I’m just having trouble making this charter school paper come together. I already thought about charter school accountability and didn’t come to any conclusions, at least not anything interesting enough to write about. What interesting conclusions could there be? I can only think of relatively uninteresting ones:
- Charter schools don’t operate in a free market for education, so market forces aren’t going to ensure they do a good job and aren’t going to force the worst ones out of business.
- Charter schools sometimes do better than traditional public schools but often do worse. That’s what you’d expect. If you deregulate (or partially deregulate) a sector, you’re going to allow both higher quality and lower quality entrants in.
- Colorado already has pretty good charter laws, according to these rankings.
- Charter schools probably don’t get closed readily enough because it’s too politically difficult to do so. Far more charters are opened than closed — and they can’t all be that good.
- Charter schools aren’t engines of innovation for the public school system, at least as far as classroom practice goes. They do, however, show what might be accomplished if you push control down to the school level vs. keeping it at the district level.
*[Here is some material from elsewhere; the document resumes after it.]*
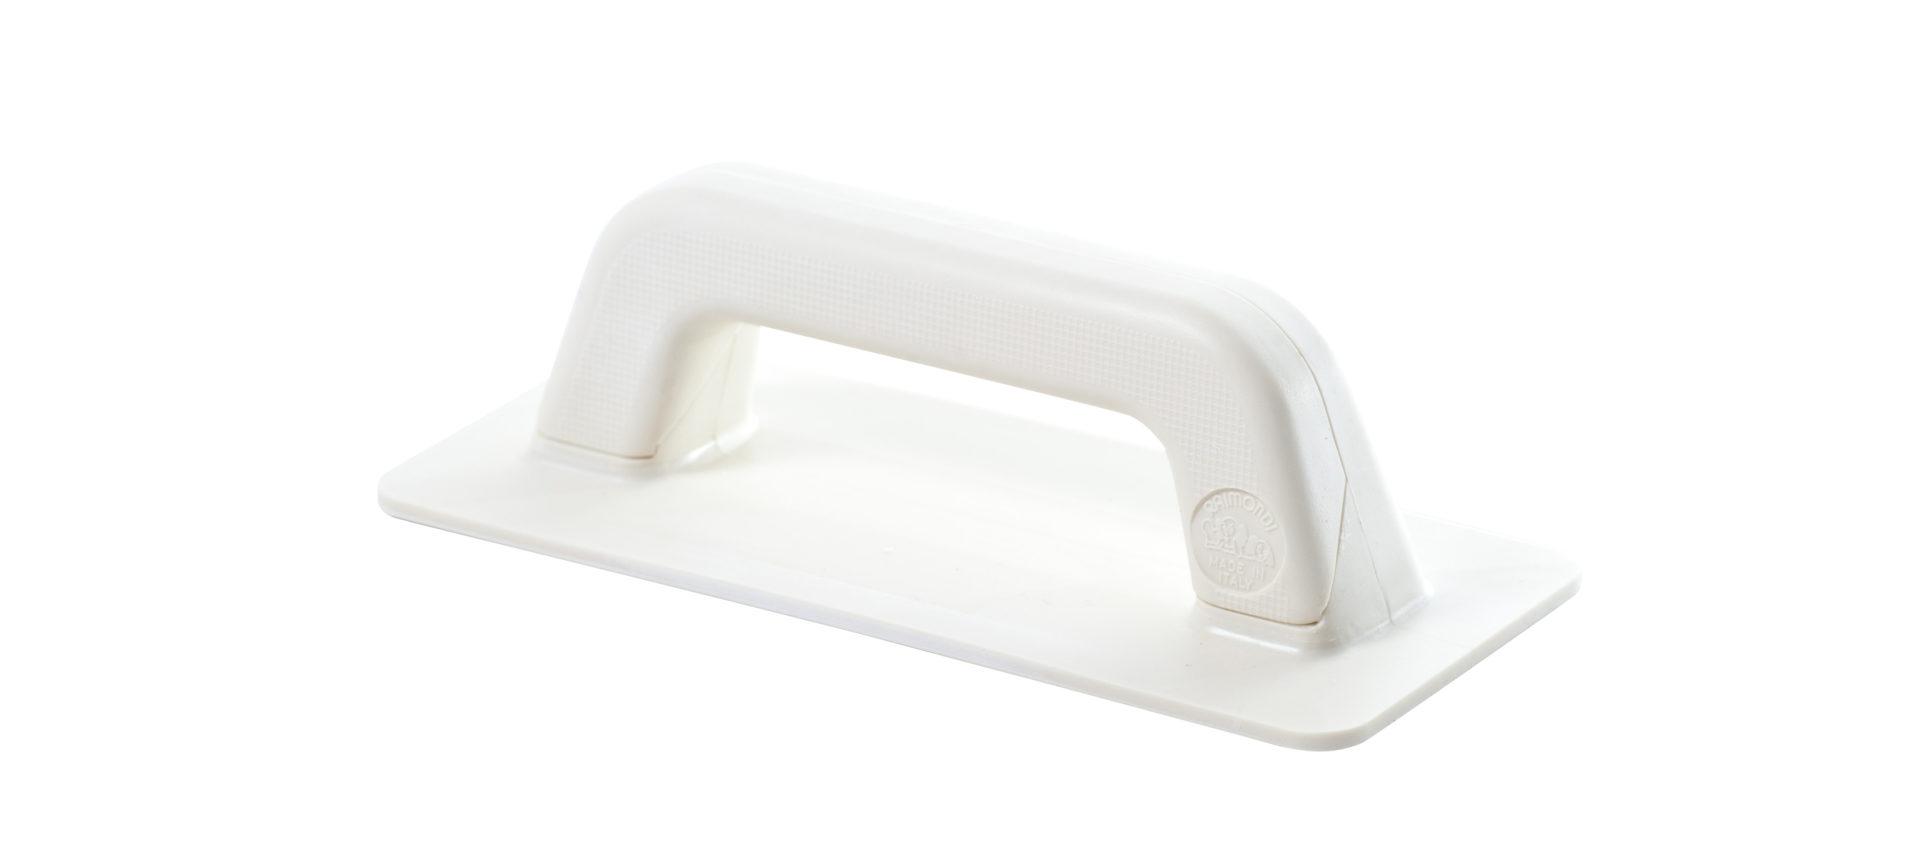 La poignée Velcro vous offre une bonne prise en main grâce à son ergonomie. Vous pouvez fixer facilement le feutre et le remplacer une fois usé. Elle est donc réutilisable à l'infini !

While procrastinating, I’ve been reading blogs and writing blog posts and trying to find some inspiration for this paper so I can get it written and move on to the fun stuff — I promised myself I can’t do the data analysis projects until I write the paper. Yesterday afternoon I finally found some inspiration, the idea of “operational publicy.” Yes, that word “publicy” is awful, but the concept is right on.
Charter schools should open up their operations and their data to public scrutiny, not just their test scores and demographics which are already released in school report cards, but everything they do. After all, they are getting public dollars for their work.
On the same topic, from the Economist special report on managing information:
Providing access to data “creates a culture of accountability”, says Vivek Kundra, the federal government’s CIO. One of the first things he did after taking office was to create an online “dashboard” detailing the government’s own $70 billion technology spending. Now that the information is freely available, Congress and the public can ask questions or offer suggestions. The model will be applied to other areas, perhaps including health-care data, says Mr Kundra—provided that looming privacy issues can be resolved.
Love the idea of a “culture of accountability,” but of course there are “looming privacy issues” in releasing school data too. Should you release teacher attendance data? You’re probably not going to point out individual teachers who miss a lot of school but what about aggregated data? What about administrator salaries compared to teacher salaries by school? Lesson plans? Results of parent satisfaction surveys? These are things the public should have access to.